Maximum Negativity Found: 0.000000
Optimization Success: True
Number of iterations: 1

------------------------------------------------------------
Optimizing for Maximum Entropy of Entanglement...
------------------------------------------------------------

Maximum Entropy Found: 1.000000
Optimization Success: False
Number of iterations: 400

------------------------------------------------------------
Verification of Spectrum Preservation
------------------------------------------------------------

Original Spectrum: [0.4, 0.3, 0.2, 0.1]
Negativity-optimized eigenvalues: [0.4 0.3 0.2 0.1]
Entropy-optimized eigenvalues: [0.4 0.3 0.2 0.1]

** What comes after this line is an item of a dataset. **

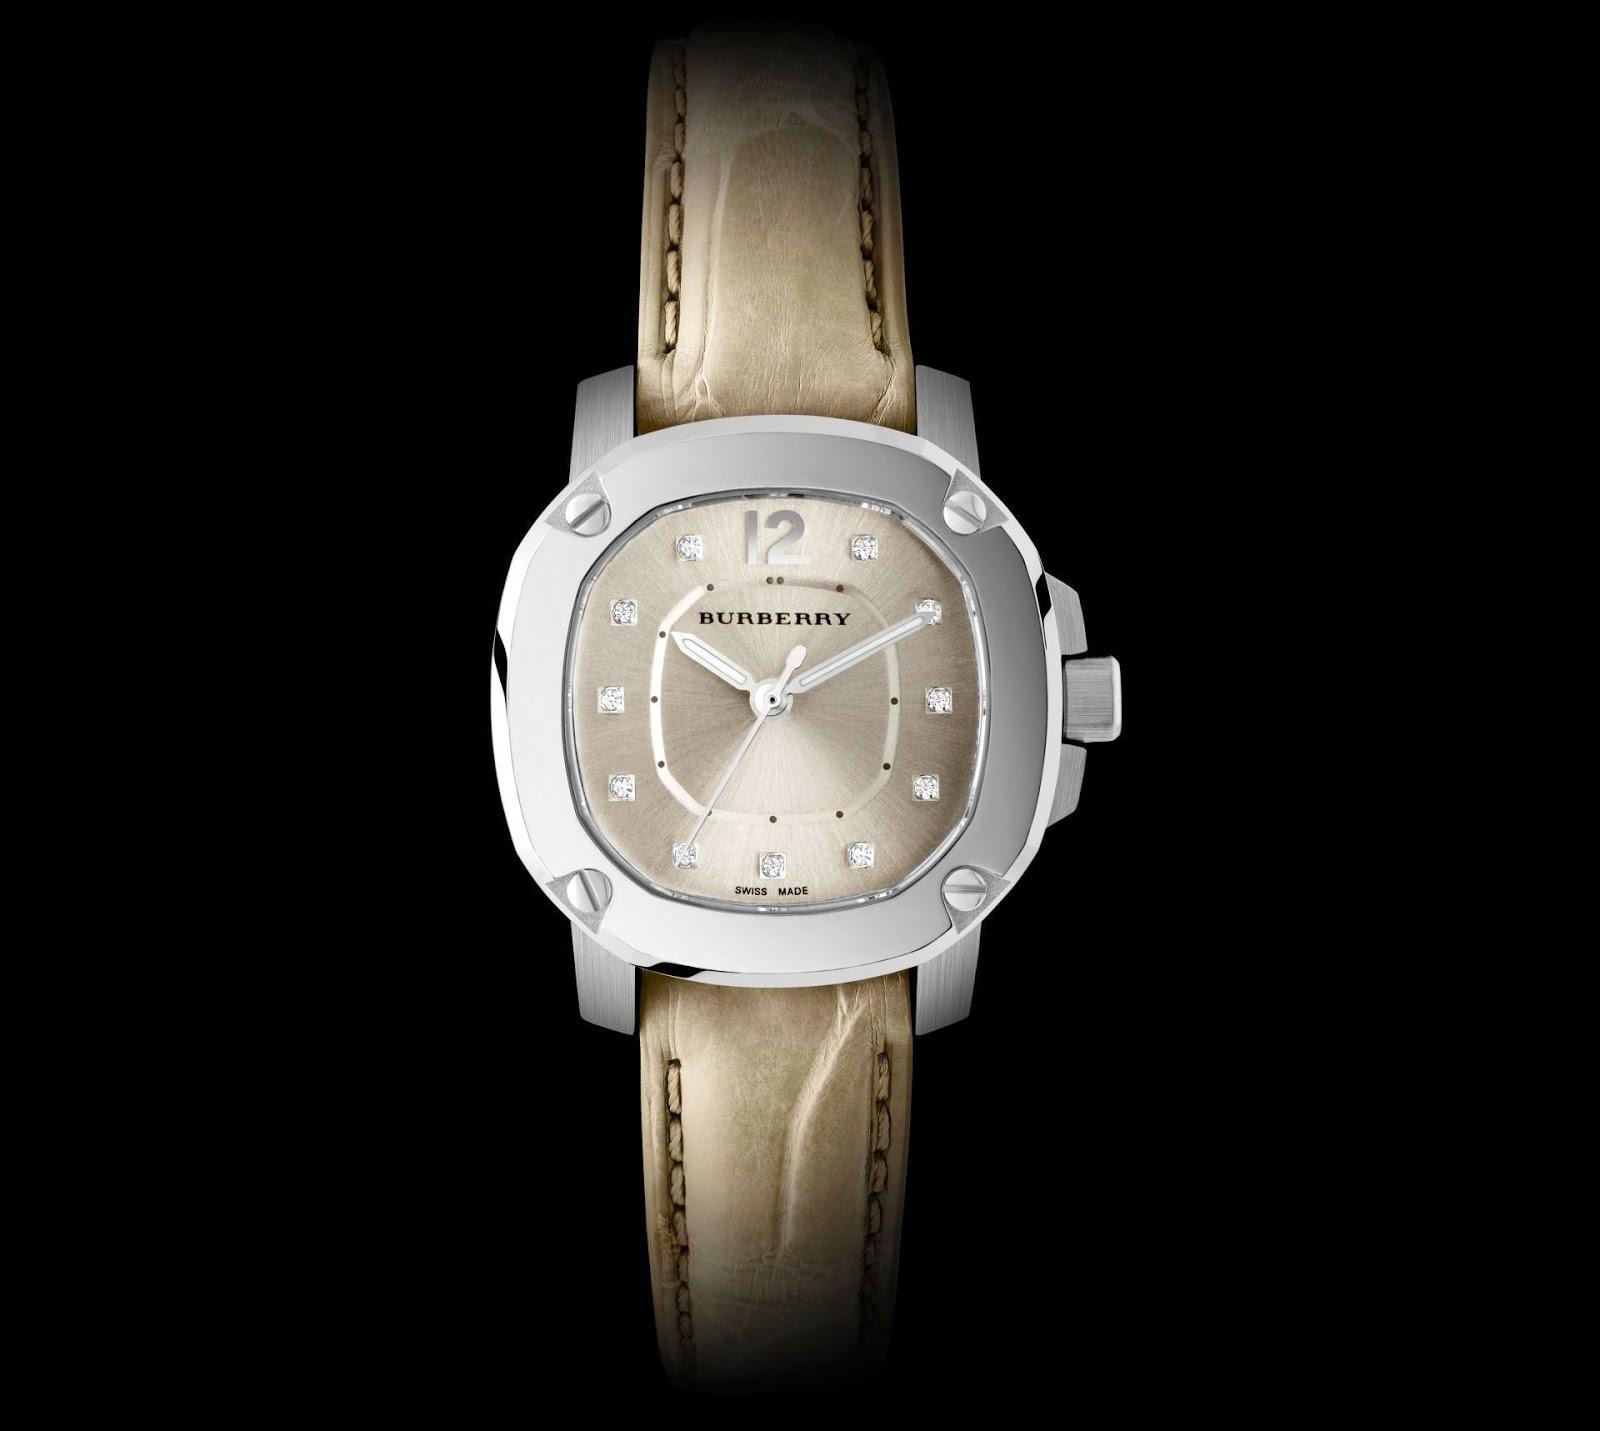 Burberry THE BRITAIN - 26MM QUARTZ watch (BBY1950, 26MM)

------------------------------------------------------------
Comparison with Random States
------------------------------------------------------------

Random states statistics:
Negativity - Mean: 0.000000, Std: 0.000000
Negativity - Min: -0.000000, Max: 0.000000
Entropy - Mean: 0.955737, Std: 0.034800
Entropy - Min: 0.885214, Max: 0.999924


============================================================
Visualization saved as 'entanglement_optimization.png'
============================================================

The code produces nine visualization panels:

  1. Optimal Density Matrix (Negativity): Shows the absolute values of the density matrix elements that maximize negativity
  2. Optimal Density Matrix (Entropy): Shows the density matrix optimizing entanglement entropy
  3. Partial Transpose Eigenvalues: Negative eigenvalues directly indicate entanglement
  4. Negativity Distribution: Histogram comparing optimal vs. random states
  5. Entropy Distribution: Shows how rare maximum entropy states are
  6. Spectrum Verification: Confirms eigenvalues are preserved across different unitaries
  7. 3D Entanglement Landscape: Visualizes the relationship between negativity, entropy, and purity in 3D space
  8. Real Part of ρ: Shows the structure of the optimal density matrix
  9. Imaginary Part of ρ: Reveals quantum coherences

Key Insights

The optimization reveals several important quantum information properties:

  • Spectrum Constraint: All density matrices share the same eigenvalues, yet have vastly different entanglement properties
  • Maximum Entanglement: The optimal states achieve significantly higher entanglement than random constructions
  • Negativity vs. Entropy: The states maximizing negativity and entropy may differ, showing these are distinct entanglement measures
  • Partial Transpose Test: Negative eigenvalues of $\rho^{T_B}$ provide a necessary and sufficient condition for entanglement in $2 \otimes 2$ and $2 \otimes 3$ systems (Peres-Horodecki criterion)

Theoretical Background

This problem connects to several areas of quantum information:

  • Majorization Theory: The spectrum determines the “disorder” of the state
  • Entanglement Measures: Different measures (negativity, entropy, concurrence) may give different optimal states
  • Quantum State Tomography: Understanding the space of states with fixed spectrum aids in experimental state reconstruction

The maximally entangled state for a given spectrum represents the “most quantum” configuration possible under spectral constraints, making this a fundamental question in quantum resource theory.